Right back in Lesson 1, I told you that the very first thing that appears in an HTML document should be the <HTML> tag, to tell browsers the kind of file (i.e. HTML) they are receiving when downloading from the Web.

Actually, this is not strictly true. In practice, all browsers I have ever encountered will have no trouble dealing with an HTML file as we have described it so far. But if we are following the rules (and please do -- "It's a good thing" as Martha Stewart might say), we should begin the document with a DOCTYPE element, using the <!DOCTYPE> tag (note that exclamation mark immediately after the opening angle bracket -- rather like in a COMMENT tag). It is the DOCTYPE element that really tells a user agent (browser) what kind of file it is. Here's an example, which we'll break down in a moment:

<!DOCTYPE HTML PUBLIC "-//W3C//DTD HTML 3.2 Final//EN">

This tells the browser that the type of document (DOCTYPE) is HTML; that the Document Type Definition (whoa there! We'll come back to that) is Public; that the public DTD (yes, that's Document Type Definition) is maintained by the World Wide Web Consortium (the W3C); that the DTD is for the Final version of HTML 3.2; and that the DTD is written in English (EN).

So what's this DTD business? Put simply, HTML is actually a subset of a larger family of markup languages, the "parent" of which is SGML (Standard Generalised Markup Language). The various markup languages under SGML are defined by a DTD, which specifies the hierarchy of elements and attributes that go to make up the language. I don't propose to go into any more detail about DTD's here; you can find more information at the W3C web site and in the W3C HTML specifications (also on the web site). But you do need to know about the DOCTYPE declaration at the top of your HTML files in order to validate them properly, which we'll discuss shortly.

If you have created an HTML document that complies with HTML 3.2 (that is, it doesn't contain any browser-specific elements or attributes not introduced until a later version -- like frames for example), then you can use the DOCTYPE declaration above. So your file would begin:

<!DOCTYPE HTML PUBLIC "-//W3C//DTD HTML 3.2 Final//EN">
 
<HTML>
 
  <HEAD>
    --- any HEAD material in here ---
  </HEAD>
 
  <BODY>
    --- etc.

I mentioned way back that HTML 4.0 was released in December 1997. HTML 4.0 introduced a greater separation between structure and style in the markup methods. I have talked before about how HTML was originally conceived as a purely structural markup scheme, but gradually more tags like <B> and <I> were introduced to gain control over the style or physical appearance of text.

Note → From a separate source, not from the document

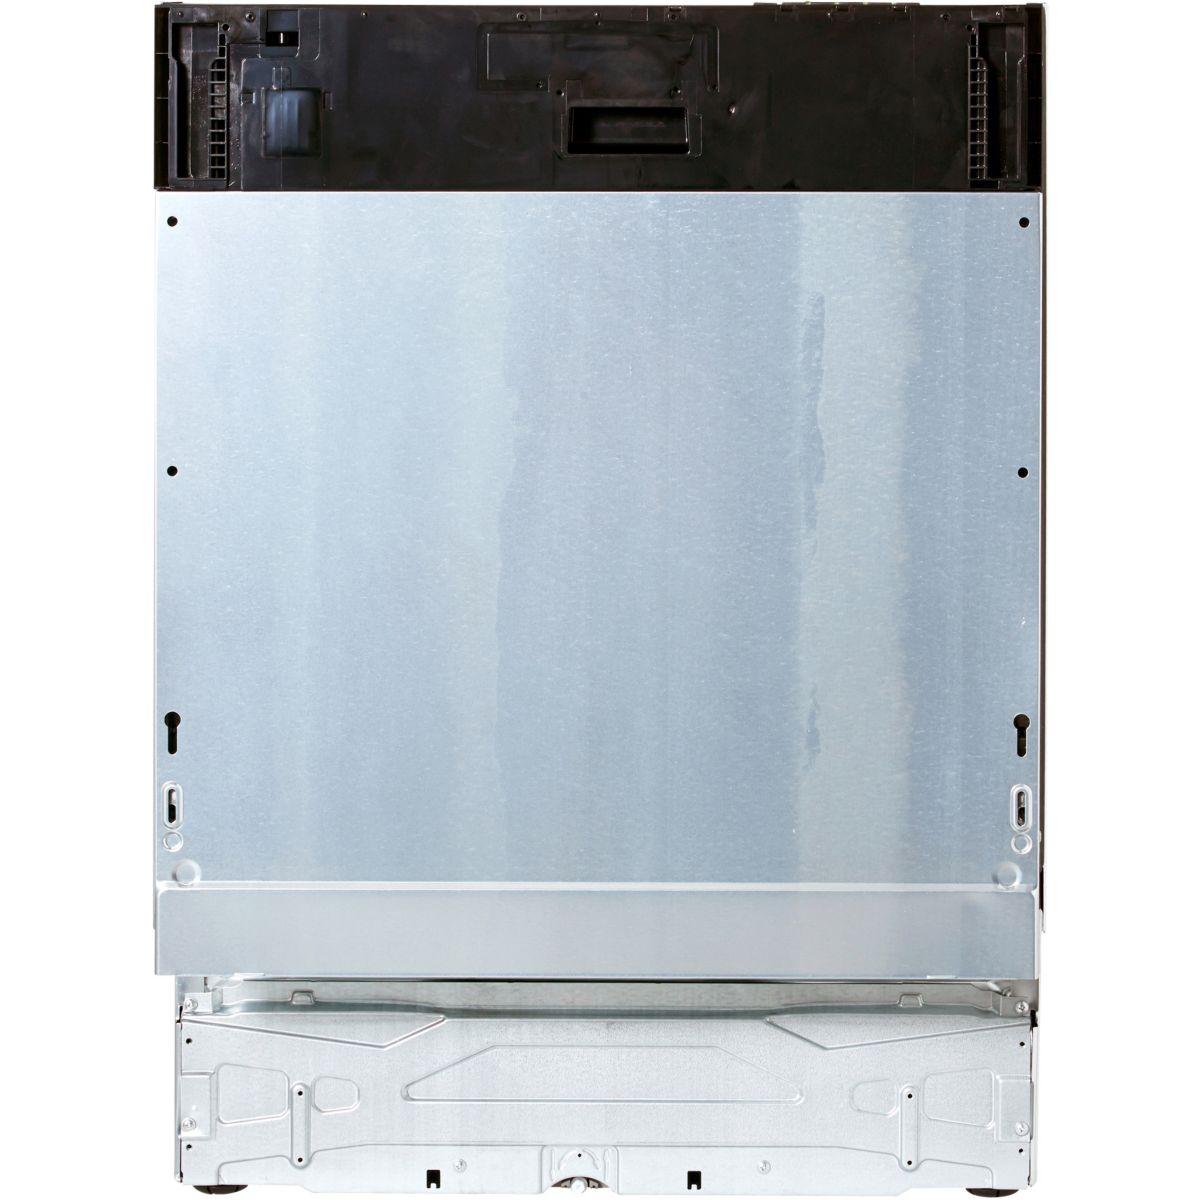 Lave vaisselle intégrable faure fdt2610fa soldes et bonnes affaires à prix imbattables

Web site designers have become adept in the use of tables and other hacks like the "single pixel GIF trick" to position elements on the page more predictably. But these measures have been less than 100% satisfactory.

HTML 4.0 did two things. In one sense, it returned to being a purely structural markup scheme, in terms of the elements (tags) given in the Strict DTD (I'll explain that "Strict" thing shortly). However, it also allows Cascading Style Sheets (CSS) to be included in or linked to HTML documents, which give the browser instructions on how text is to be displayed (typeface, font size, colour, leading, etc.) and where text and images are to be positioned on the page (without using tables or other tricks).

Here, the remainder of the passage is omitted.